What to work on — Take the material below and extract the lines from the one with "Palacio Real, Madrid." through the one with "Lego Friends. Pop star dressing room", word for word, without pictures.

Provided data —
BEGIN
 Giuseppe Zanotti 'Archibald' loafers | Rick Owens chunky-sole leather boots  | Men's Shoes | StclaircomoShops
END
BEGIN
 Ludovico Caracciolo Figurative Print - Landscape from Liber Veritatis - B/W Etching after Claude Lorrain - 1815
END
BEGIN
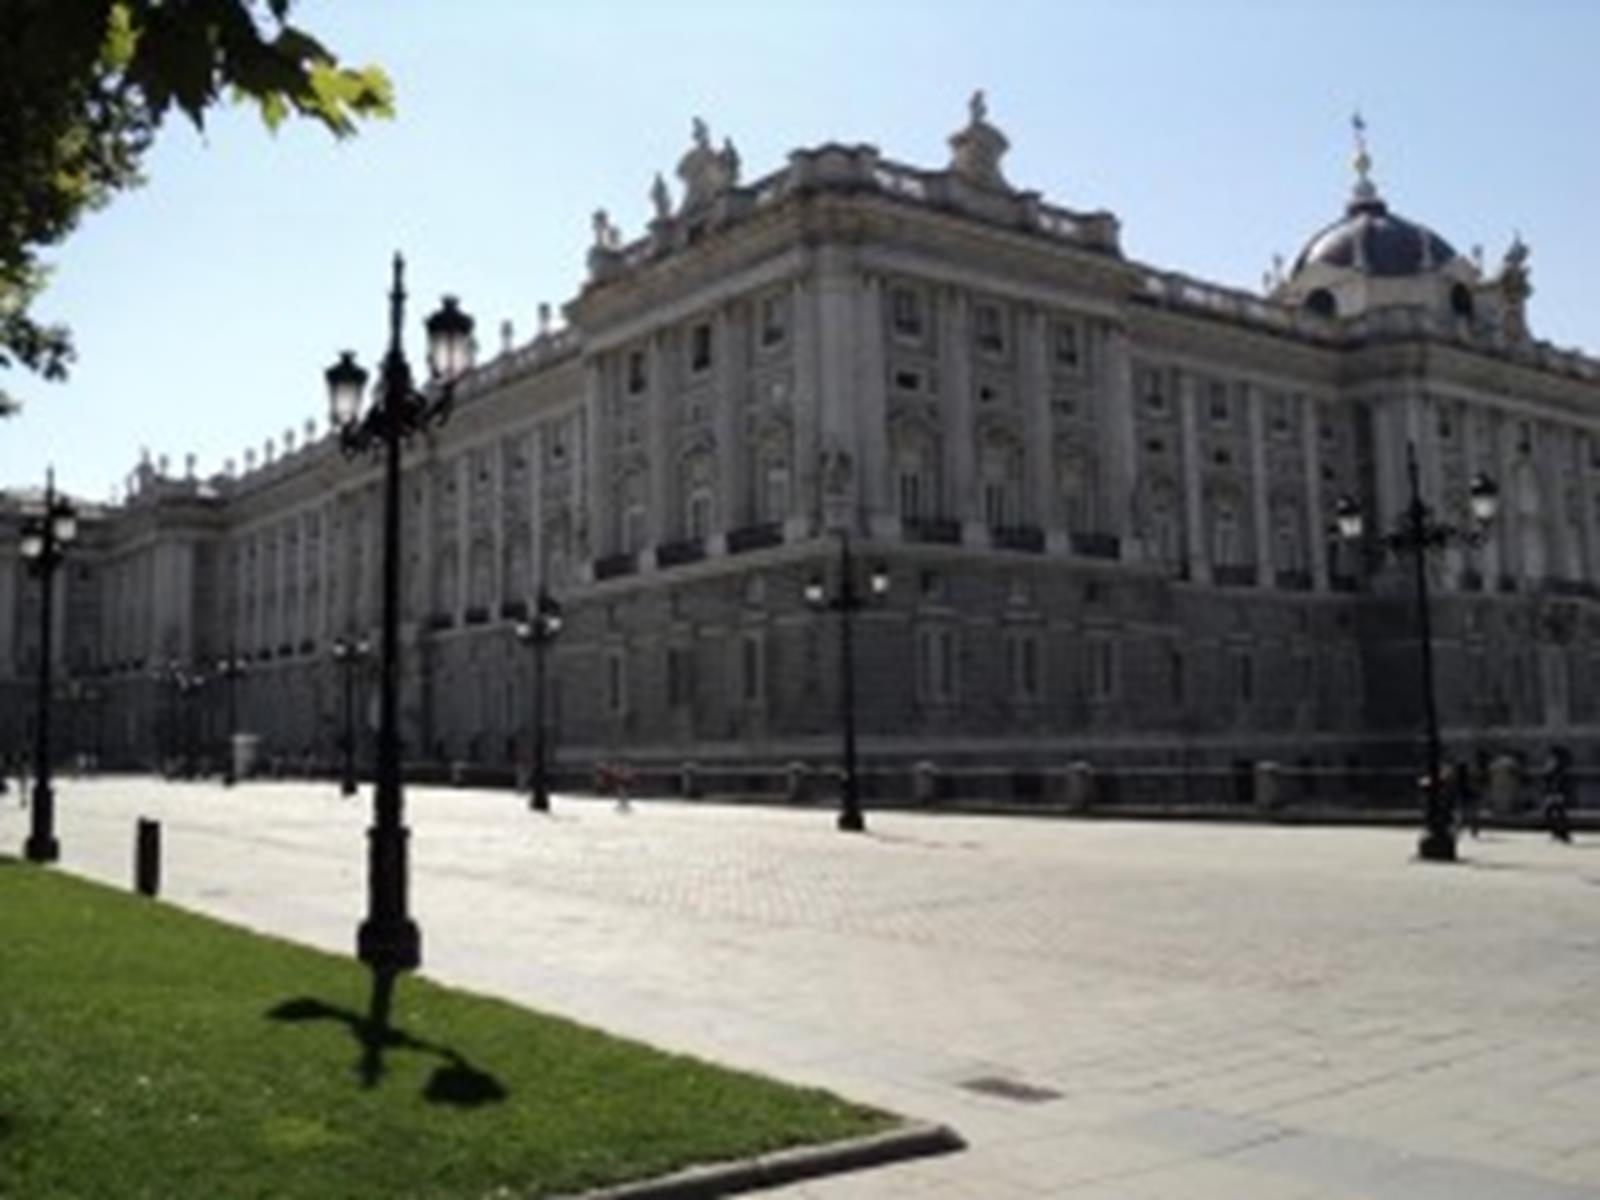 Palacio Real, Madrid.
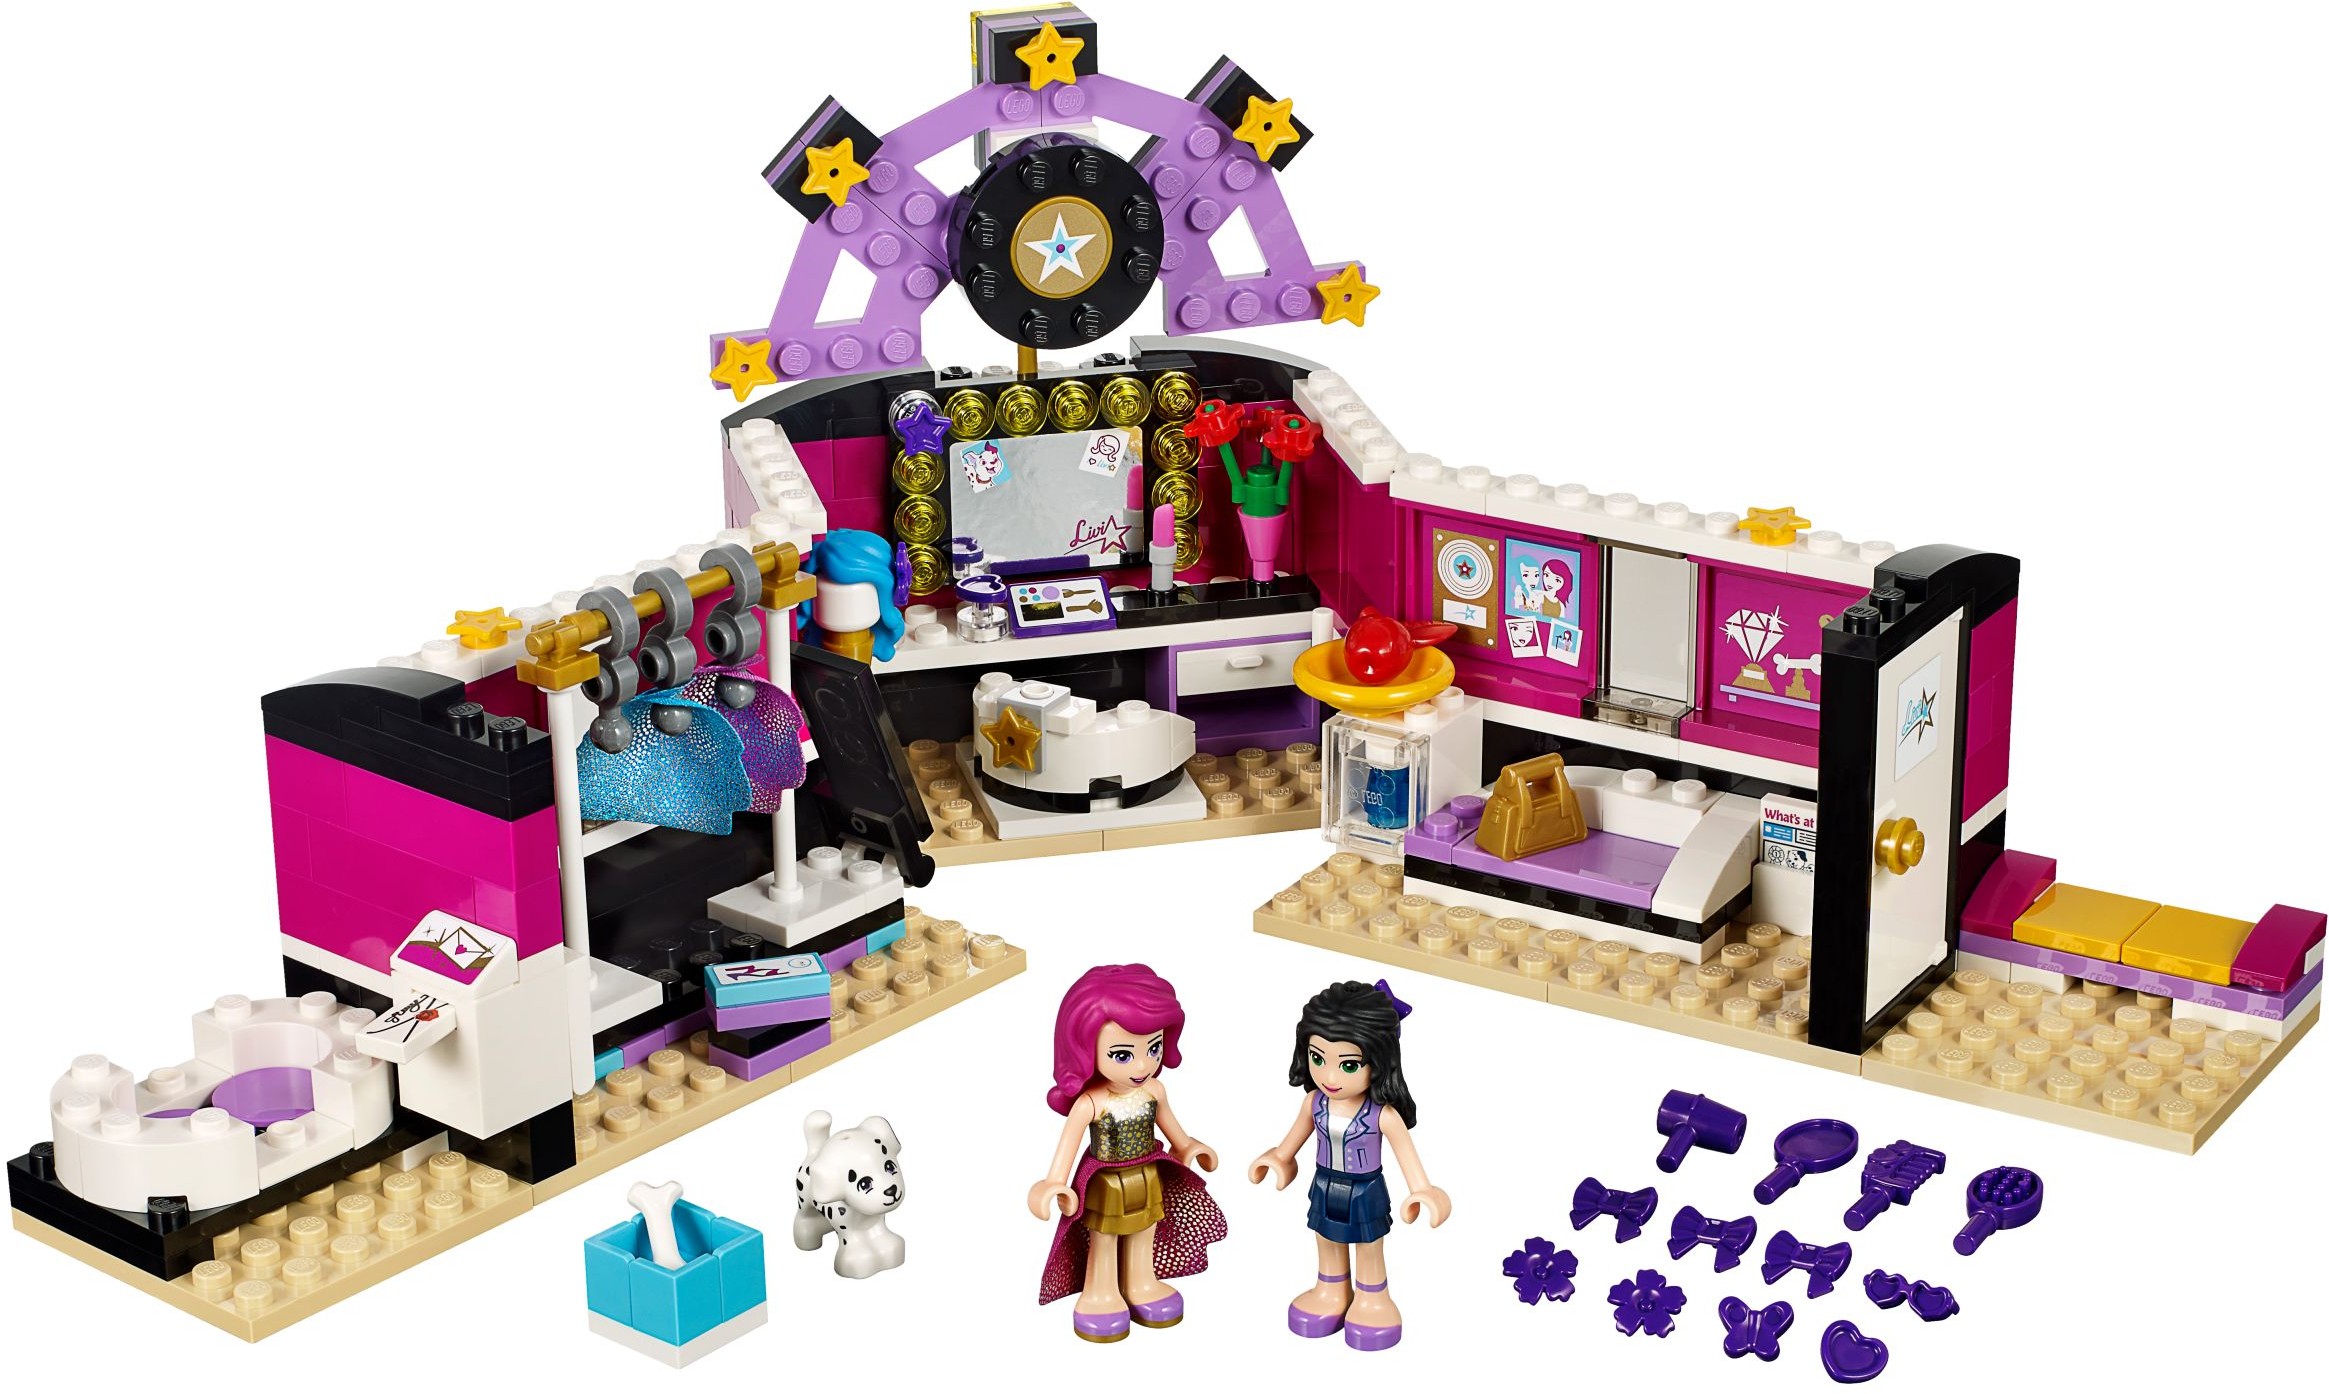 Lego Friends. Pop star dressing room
END
Response —
 Palacio Real, Madrid.
 Lego Friends. Pop star dressing room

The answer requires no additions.